What stops us from feeling free and fully ourselves is what we are hiding: poor judgment calls we’ve made, things we’re embarrassed about, goals of ours that seem too unrealistic to claim. We bury our dark secrets and get preoccupied managing them to ensure we don’t appear less than perfect—or get caught in the lie of trying to appear perfect. But when we let it out (even if it’s just to ourselves in our journals), we can breathe.
By being vulnerable and acknowledging what we’re ashamed of, we let go of any guilt we’re holding on to.
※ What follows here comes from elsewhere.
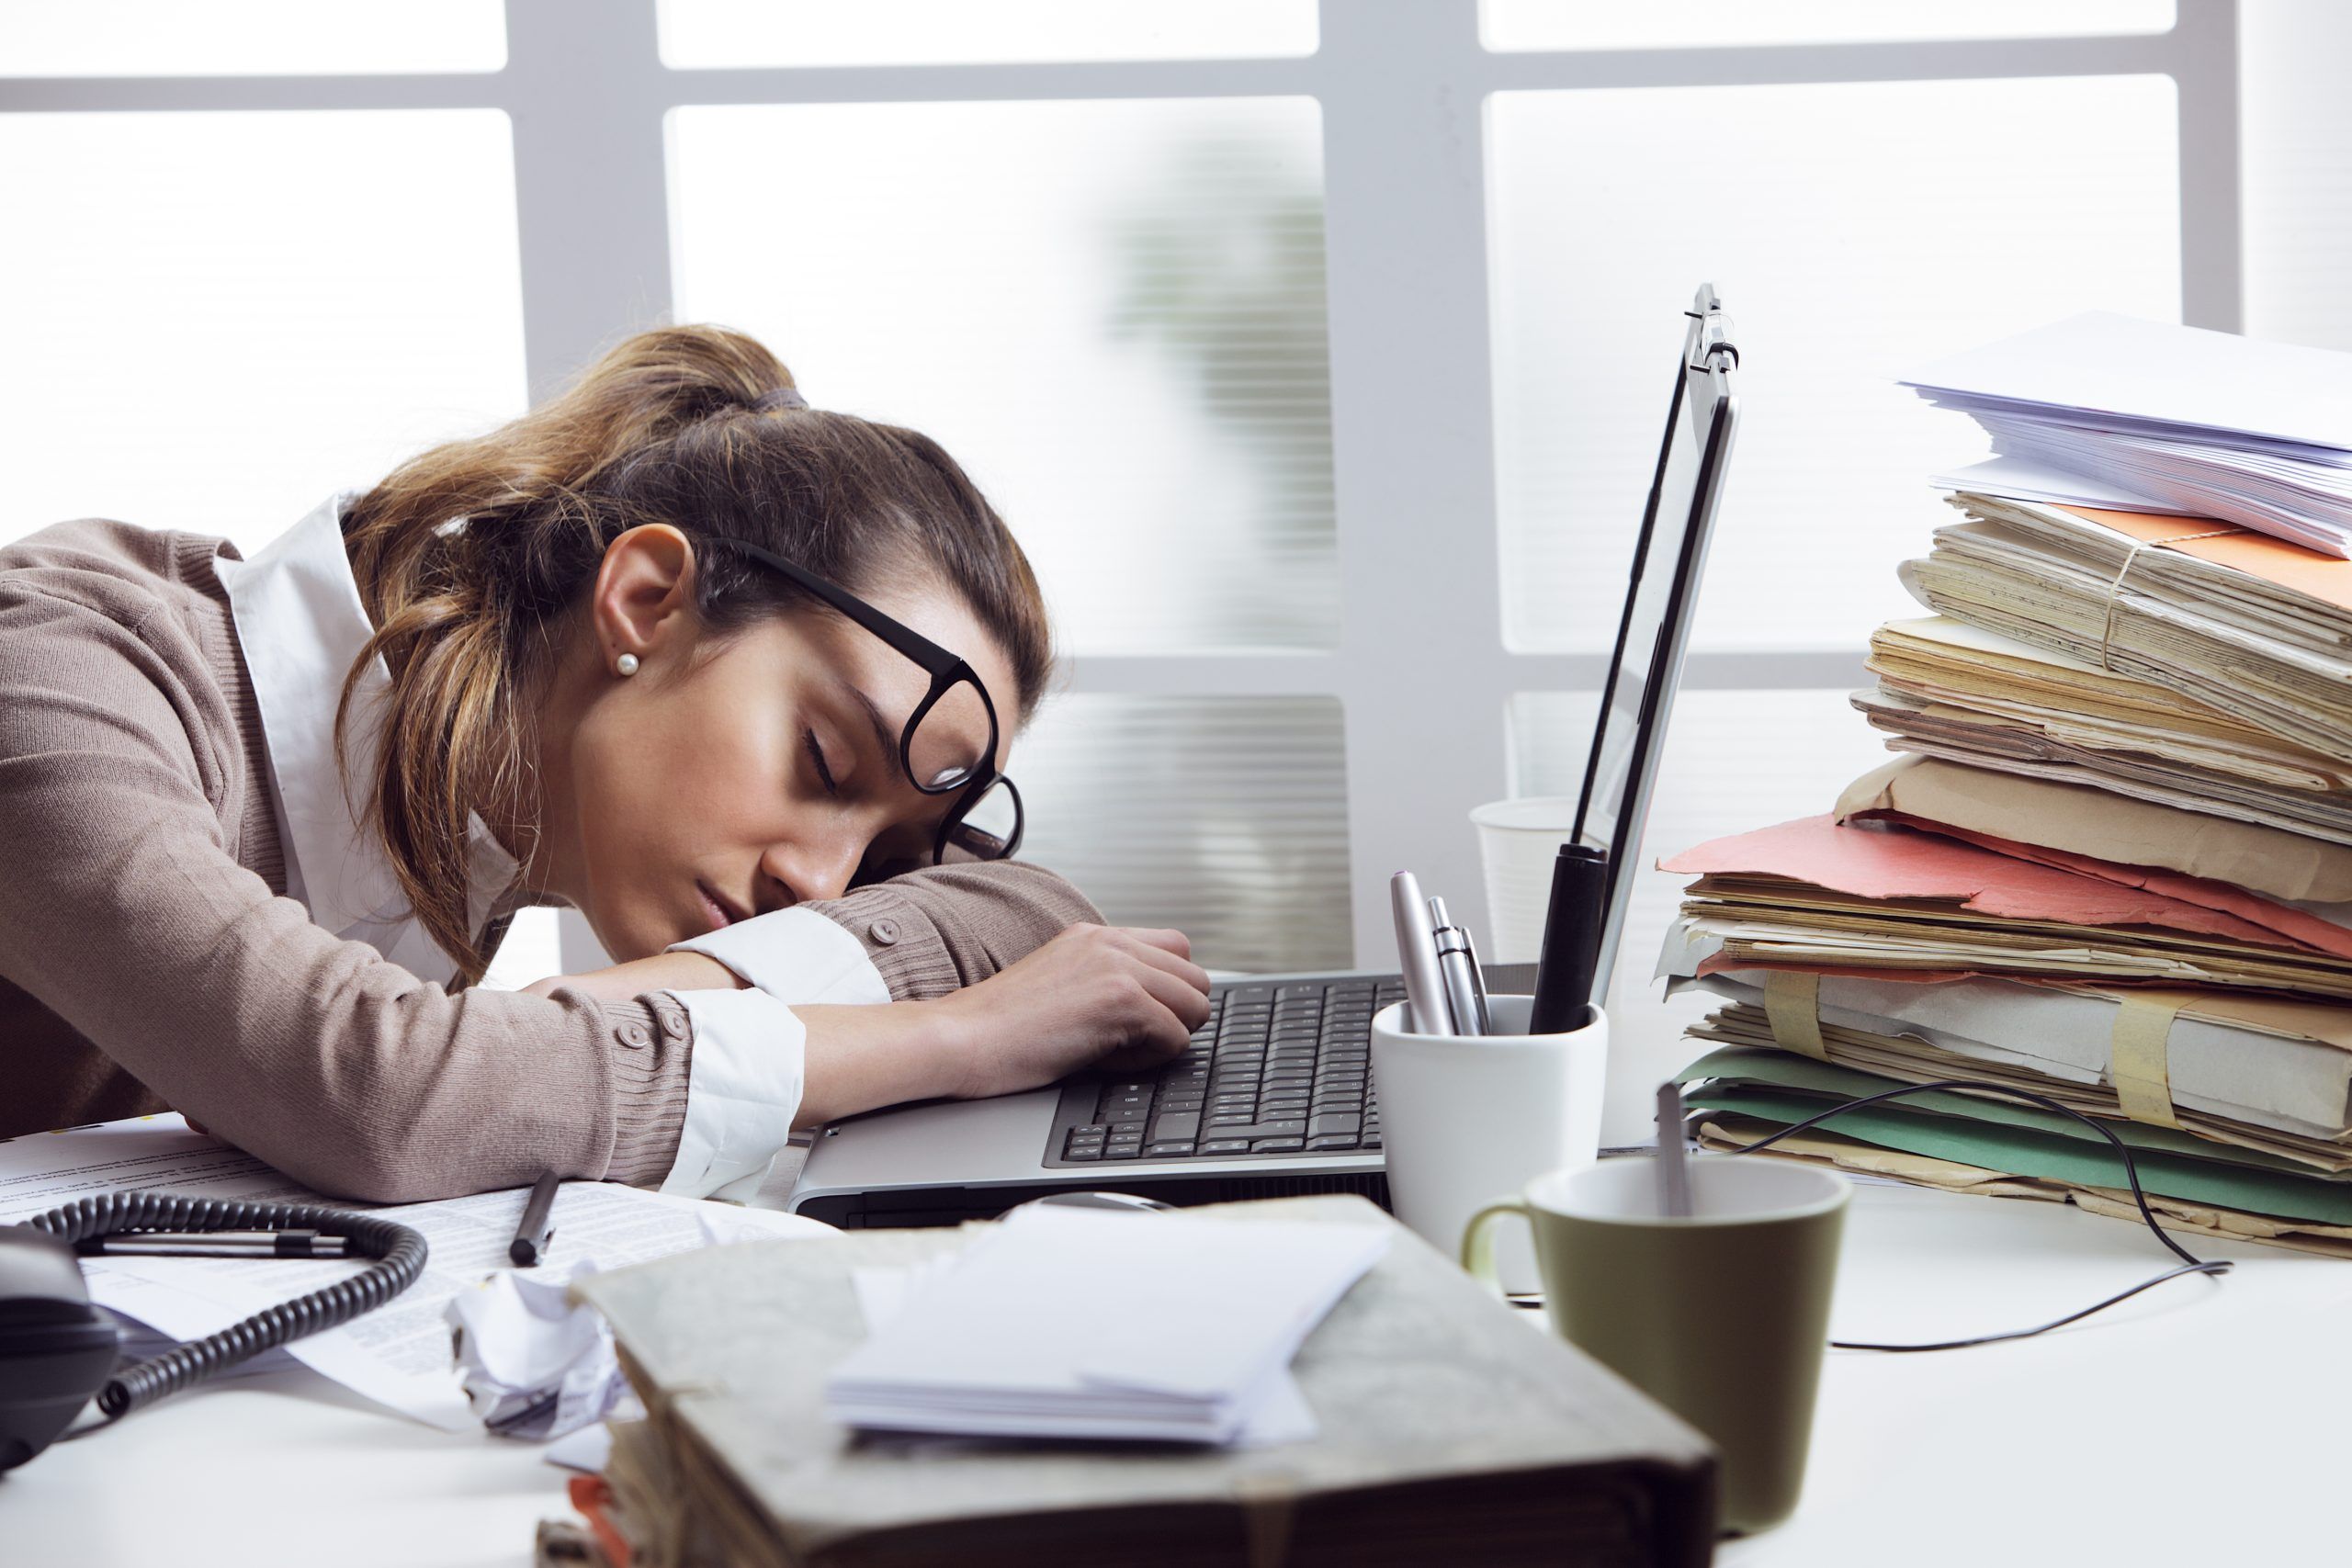 Feeling That Afternoon Slump at Work? Air Quality Could be to Blame

As Breneì Brown teaches, shame cannot survive being shared, and admitting our shame to ourselves is the first step.
6. Just keep going
When you’re doing things that are new and uncomfortable, it’s inevitable that to some extent you’ll feel like you’re pretending - at least I always do. When I started teaching yoga, I felt like I wasn’t actually a yoga teacher but just pretending to be one, mimicking my own teachers. But as Kurt Vonnegut says in Mother Night, “We are what we pretend to be, so we must be careful about what we pretend to be”.
The process of journaling and expressing your feelings honestly on paper might be brand-new for you. If that’s the case, going this deep might cause some strong reactions.
Don’t let that stop you. Everyone feels as though they’re pretending when they start a new routine. When you haven’t done something before, or you haven’t done it consistently, it’s not ingrained yet. This new way of expressing your feelings is uncomfortable. You might be feeling like a ball of emotion when you begin this process because perhaps you rarely ever allow yourself to feel your uncomfortable emotions. And feeling uncomfortable is when most people quit.
So when you reach this point, you must ask yourself: Do I want to have a deep life? Do I want to feel the richness of mad love and the sadness of heartbreak? Do I want to feel the full spectrum of emotions . . . or do I want to numb out?'
When you feel like you’re playing pretend as a writer but you like what you’re pretending - that’s when you need to keep going. That’s when, with time, the routine becomes ingrained, and before you know it . . . you will no longer be pretending.